** Opening Data segment block **

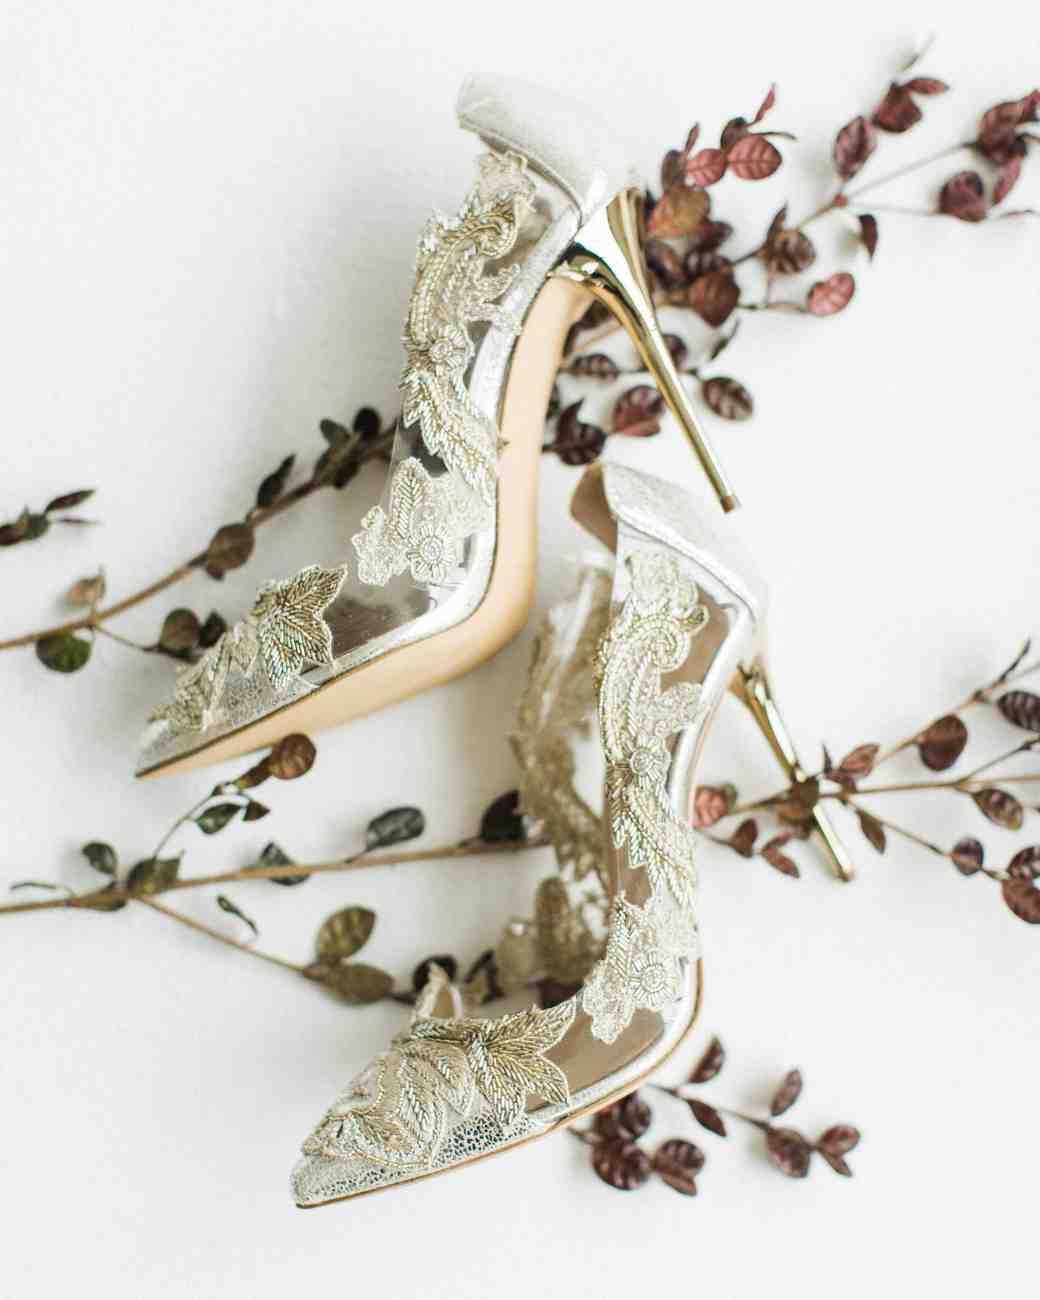 25 нетрадиционных идей свадебной обуви от стильных невест
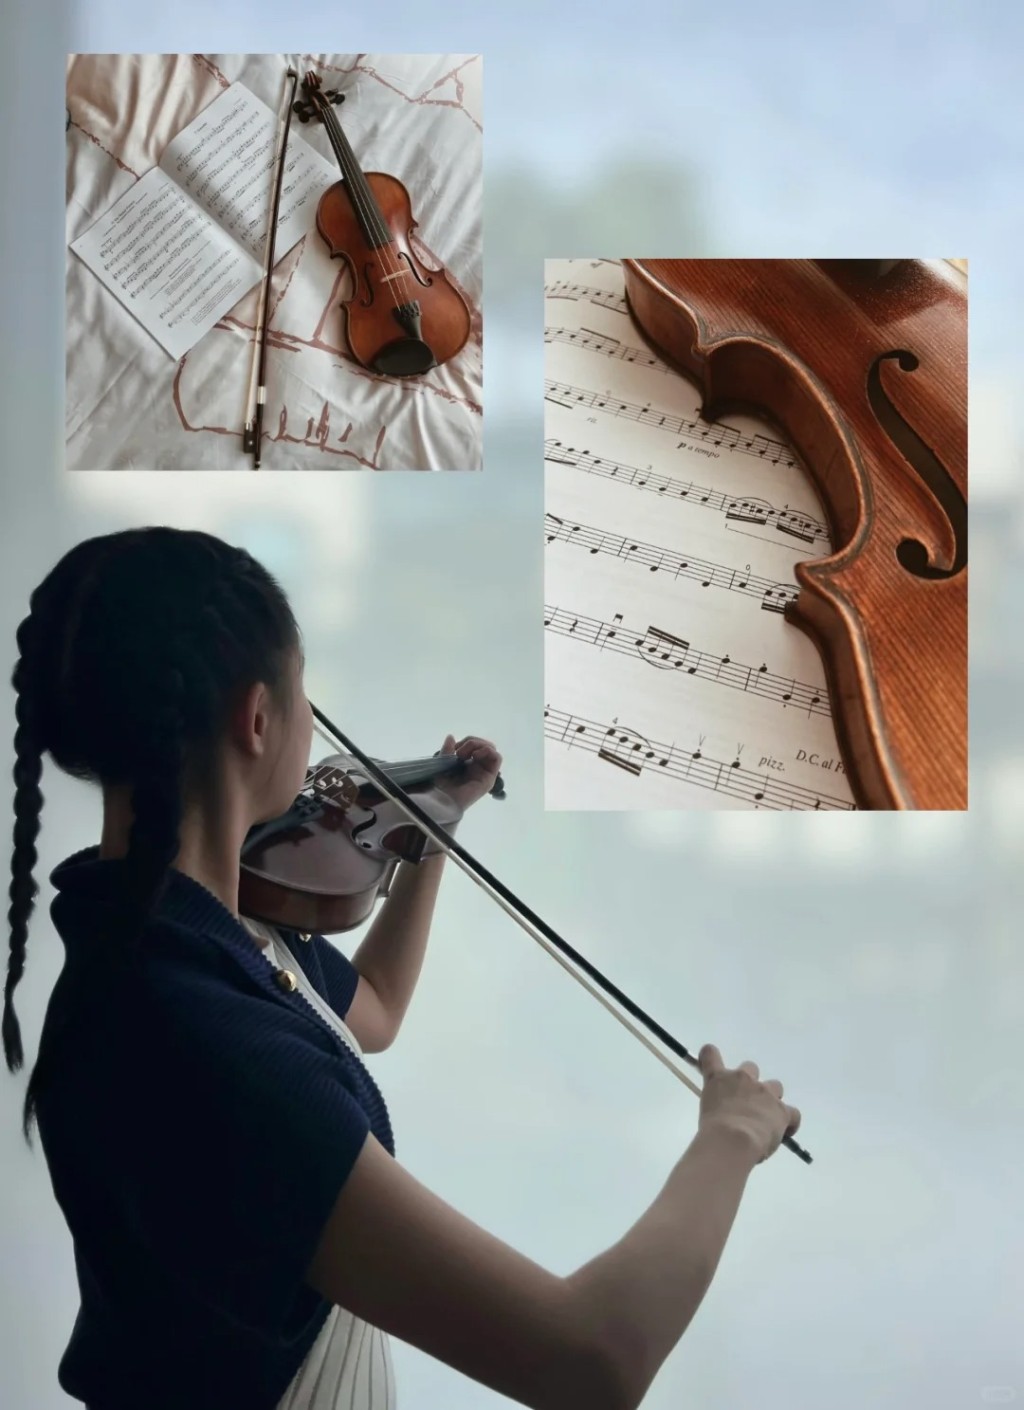 劉秀盈前日（18日），在社交網分享拉小提琴照片。
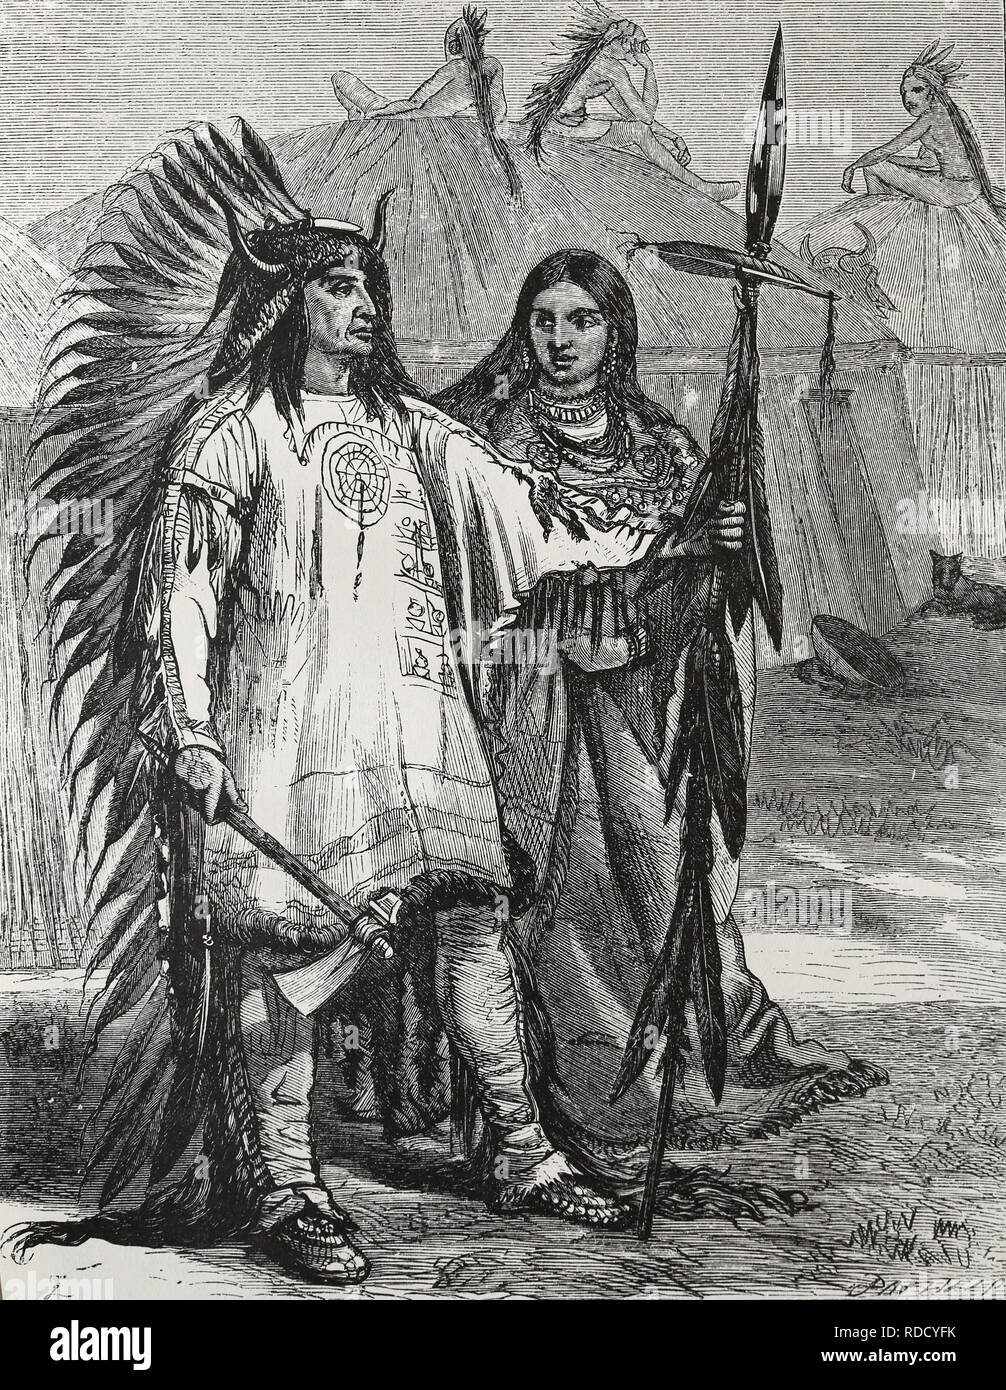 Nordamerika. Indianer. Gravur, 19. 1880. Stockfoto
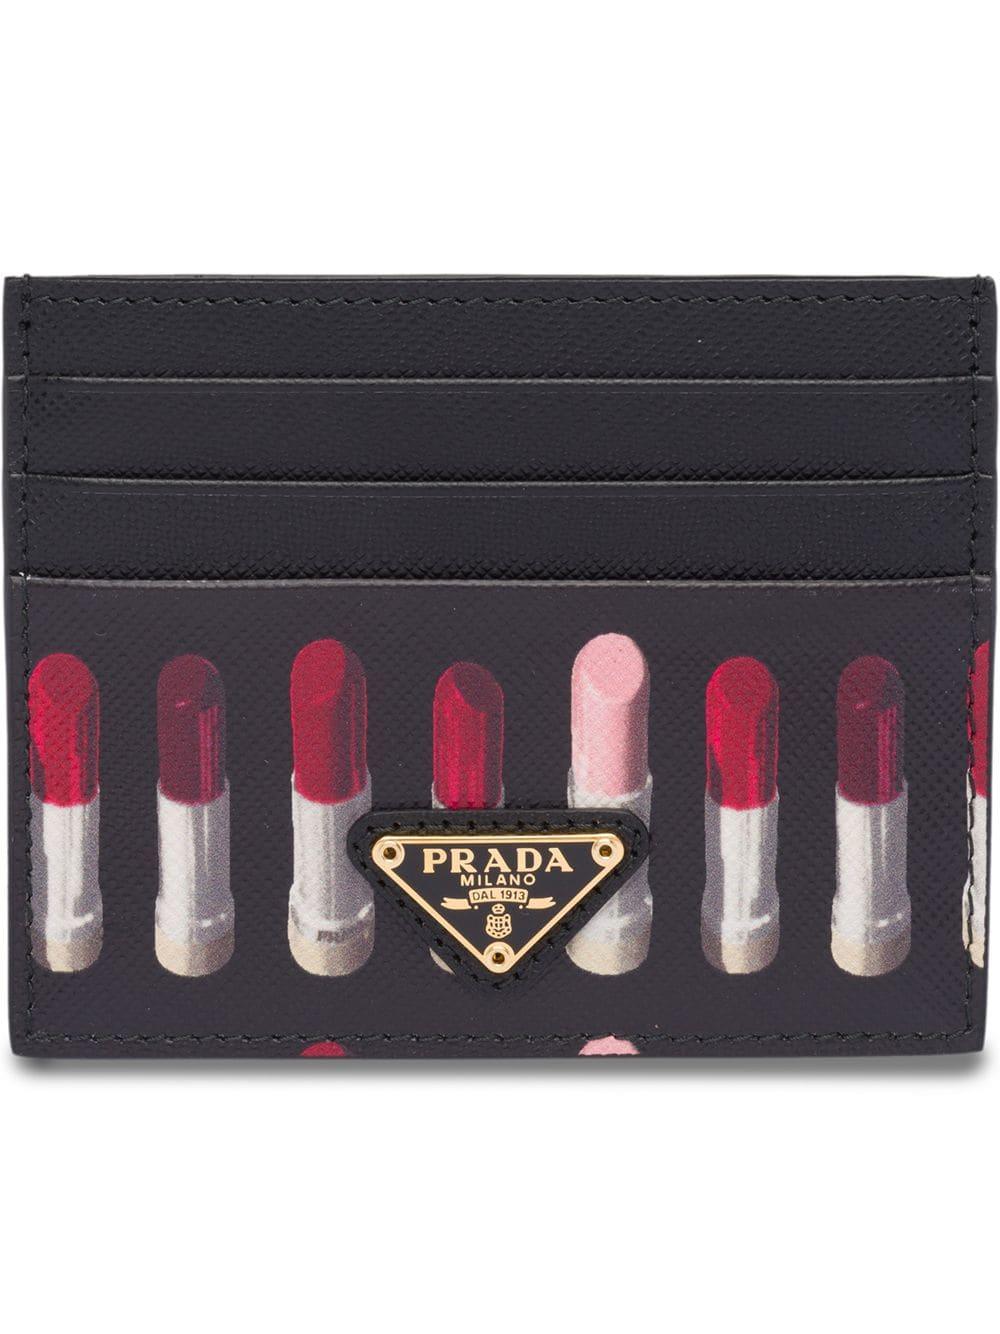 prada lipstick card holder

** Closing Data segment block **

* [Description of the task] Without including any pictures, reproduce the data exactly.

* [Task solution]
 25 нетрадиционных идей свадебной обуви от стильных невест
 劉秀盈前日（18日），在社交網分享拉小提琴照片。
 Nordamerika. Indianer. Gravur, 19. 1880. Stockfoto
 prada lipstick card holder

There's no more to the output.